Lighting Control
What Is Lighting Control?
Lighting control is the set of hardware and software techniques used to regulate the output, timing, and distribution of artificial lighting in buildings, infrastructure, and outdoor environments. A lighting control system adjusts lumen output, switches fixtures on and off, and coordinates multiple luminaires in response to occupancy, ambient daylight, time schedules, or manual commands. Its primary functions are energy conservation, occupant comfort, and compliance with building energy codes that mandate minimum control capabilities for new construction and major renovations. The field draws on electrical engineering, sensor technology, and building automation, with standards maintained by the IEEE, the Illuminating Engineering Society (IES), and ASHRAE.
High-intensity discharge (HID) lamps, including metal halide and high-pressure sodium types, present particular control challenges because they require extended warm-up periods of several minutes after ignition and cannot be re-struck immediately after extinguishing. Modern LED-based systems eliminate these constraints, accepting continuous and rapid dimming from full output to near-zero without delay or lamp degradation.
Dimming and Lamp Drivers
Dimming is the most fundamental lighting control function and is implemented differently depending on the lamp technology. For LEDs, electronic drivers modulate either the drive current (analog dimming) or the duty cycle of a fixed-frequency switching waveform (pulse-width modulation, or PWM). Current reduction lowers output proportionally without introducing flicker, while PWM can cause perceptible flicker at low duty cycles if the frequency is below approximately 1000 Hz. IEEE Std 1789, covering recommended practices for modulating current in high-brightness LEDs, defines acceptable flicker levels and modulation frequencies to protect occupant health. Fluorescent ballasts historically used 0–10 V analog signals as the dimming interface, a convention that LED drivers have largely inherited and that remains common in commercial installations.

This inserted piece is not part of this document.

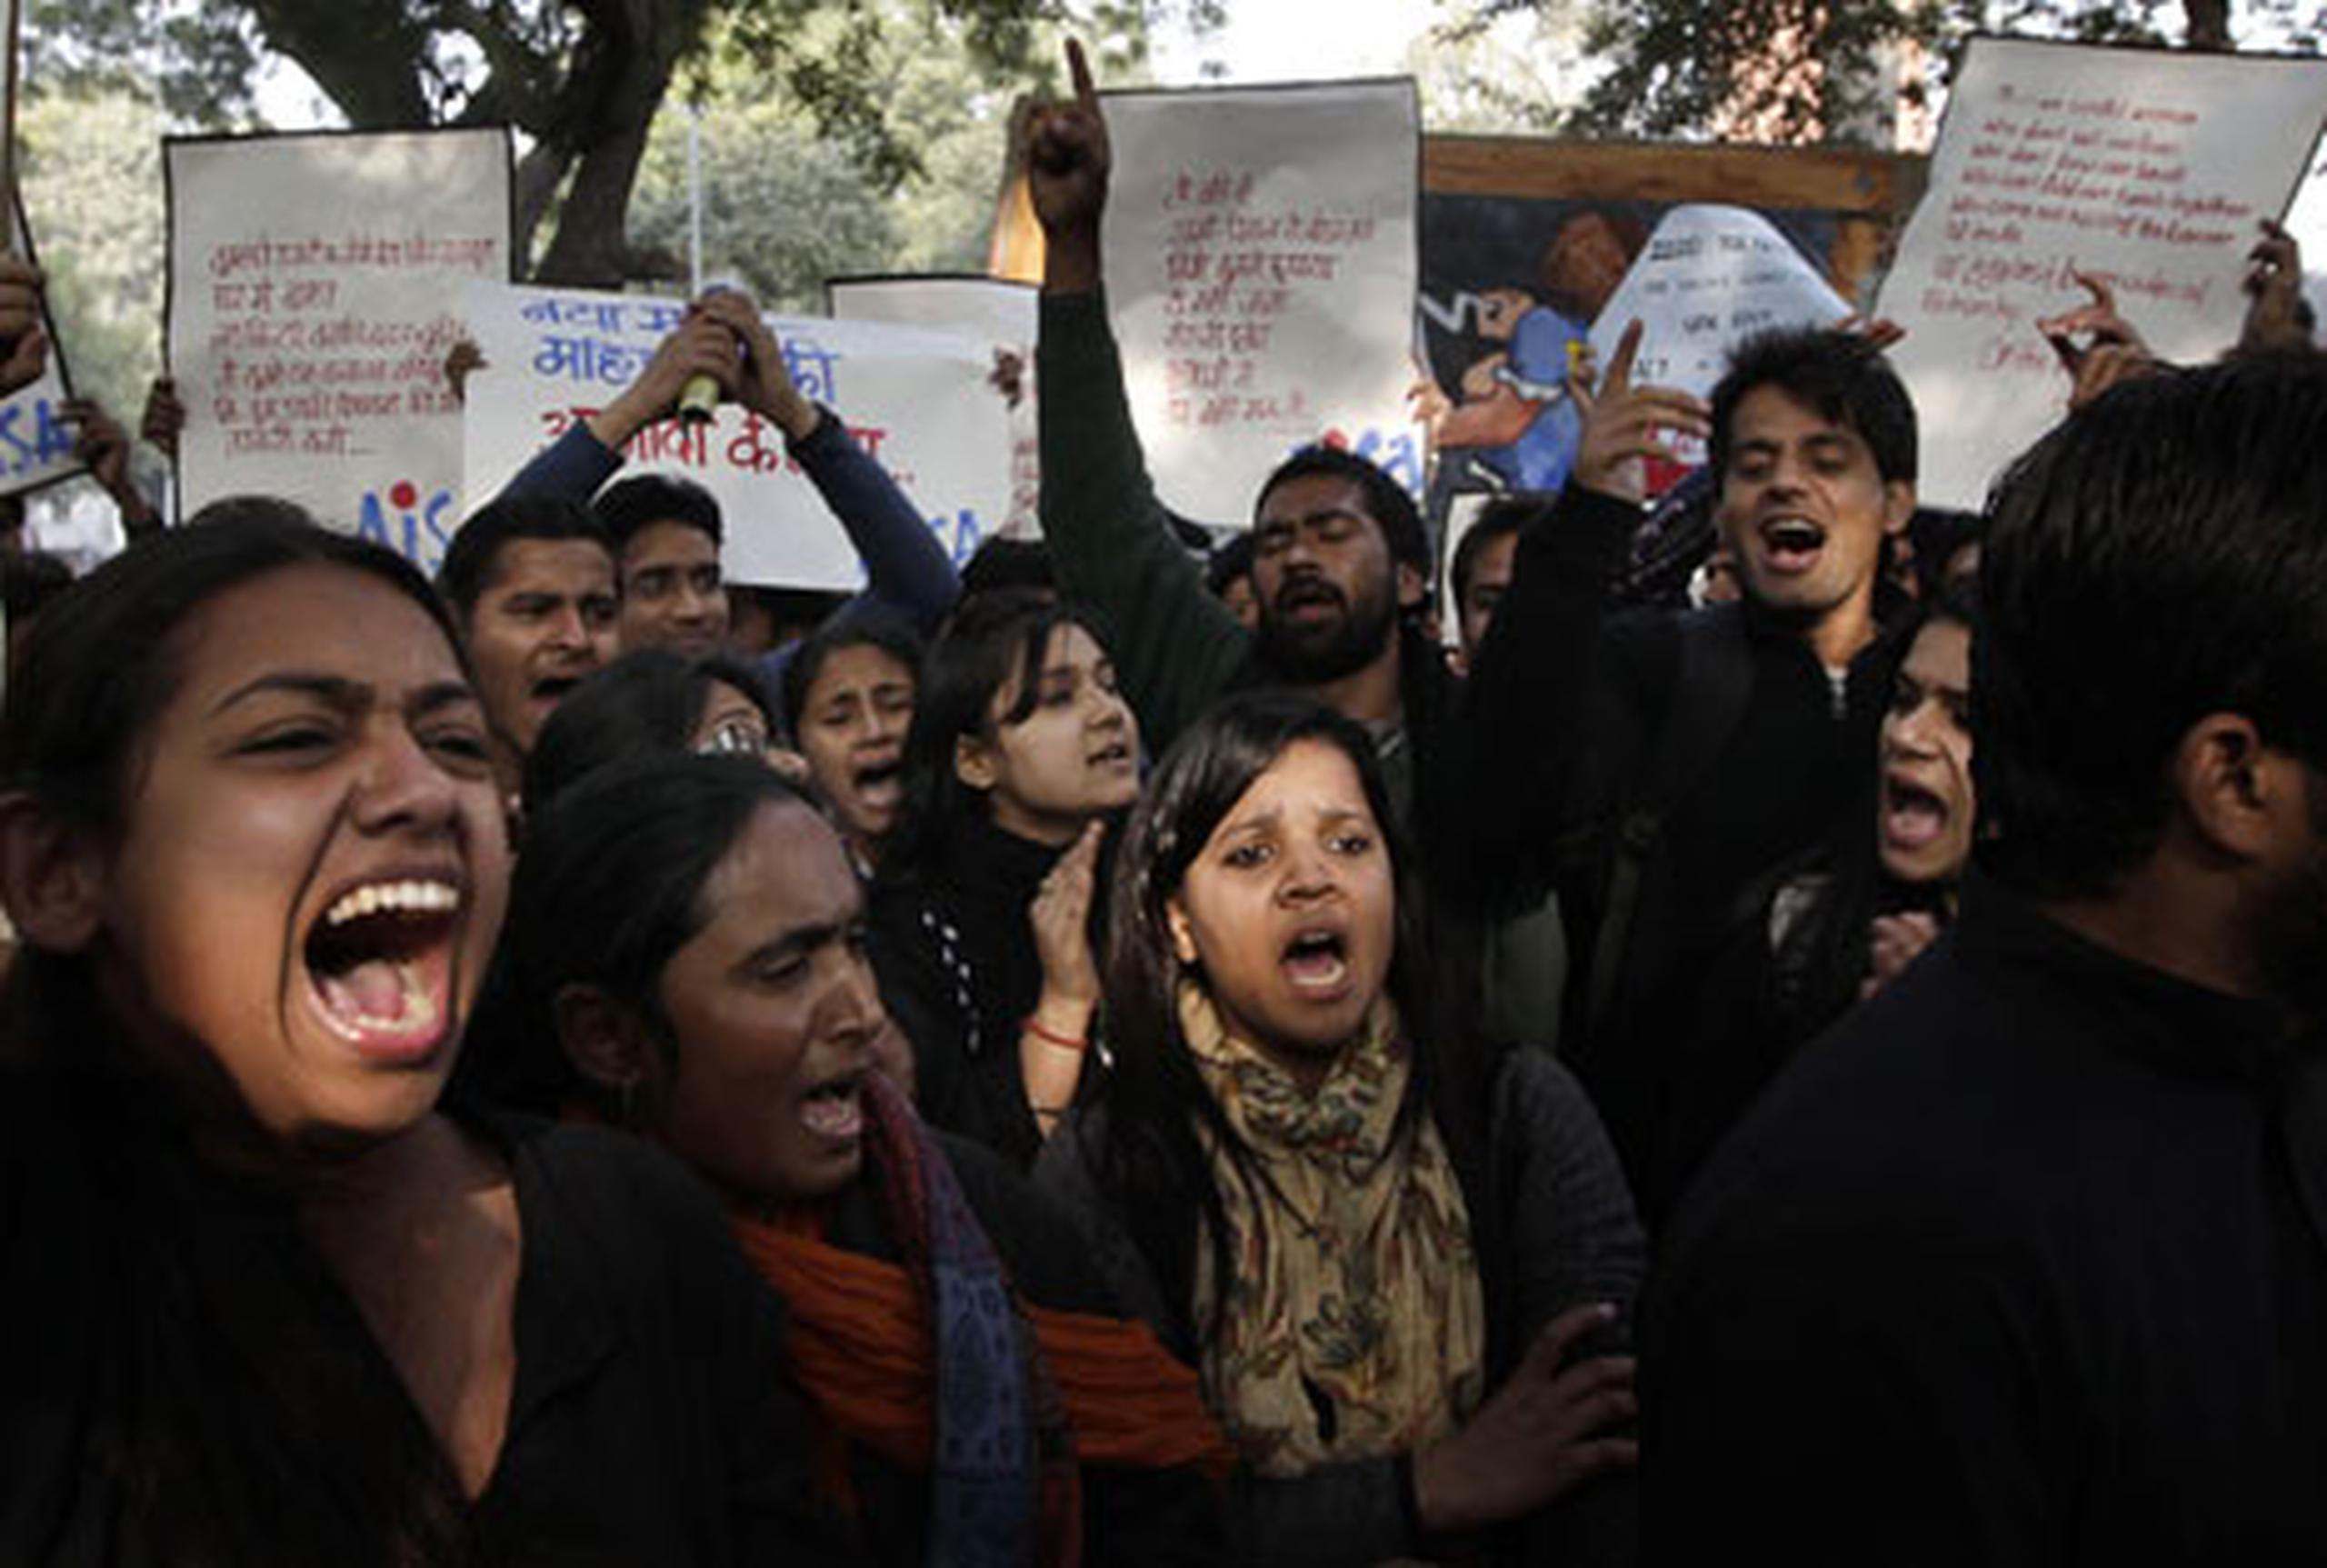 El "manifestódromo" de Jantar Mantar se erigió un día más en el lugar elegido por los grupos de indignados para recordar a la chica violada y reclamar medidas contra los asaltos sexuales. (EFE)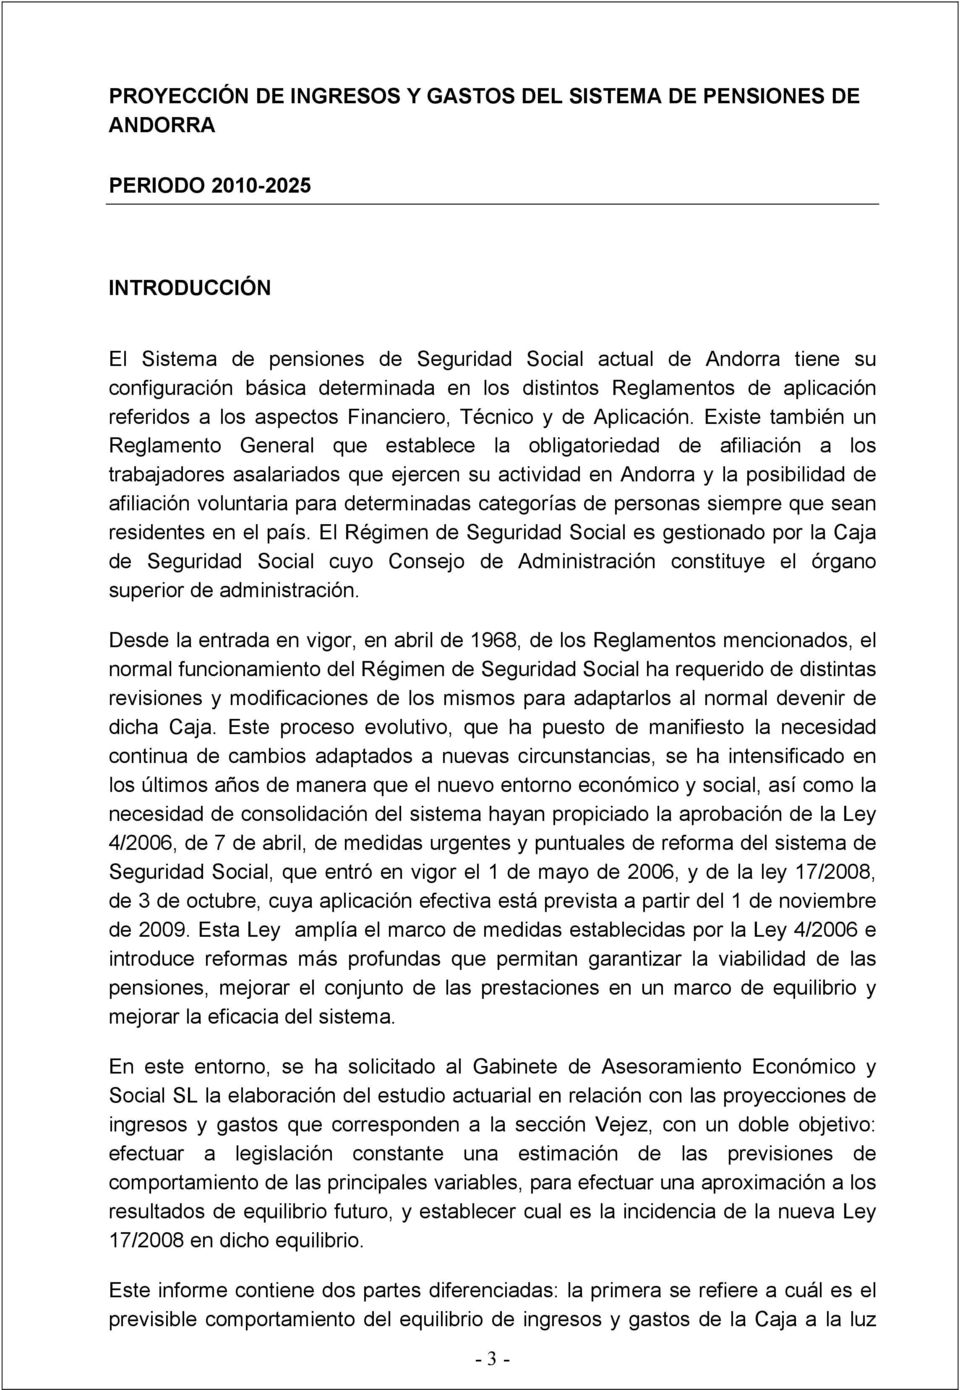 Existe también un Reglamento General que establece la obligatoriedad de afiliación a los trabajadores asalariados que ejercen su actividad en Andorra y la posibilidad de afiliación voluntaria para

Occupancy and Daylight Sensing
Occupancy sensors detect the presence or absence of people in a space and switch or dim lighting accordingly. Passive infrared (PIR) sensors detect heat signatures from moving persons, while ultrasonic sensors emit high-frequency sound and measure returns from moving objects. Dual-technology sensors combine both methods to reduce false activations. Daylight harvesting pairs photosensors with dimmable drivers to reduce artificial light output when adequate natural light is present, maintaining a target illuminance setpoint. The Department of Energy's guide to lighting controls describes occupancy sensors as among the most cost-effective retrofits available for offices and corridors where spaces are intermittently occupied. Research published in Scientific Reports on luminaire-based sensor approaches demonstrates that integrating sensors within individual fixtures can improve granularity and reduce wiring complexity compared to wall-mounted alternatives.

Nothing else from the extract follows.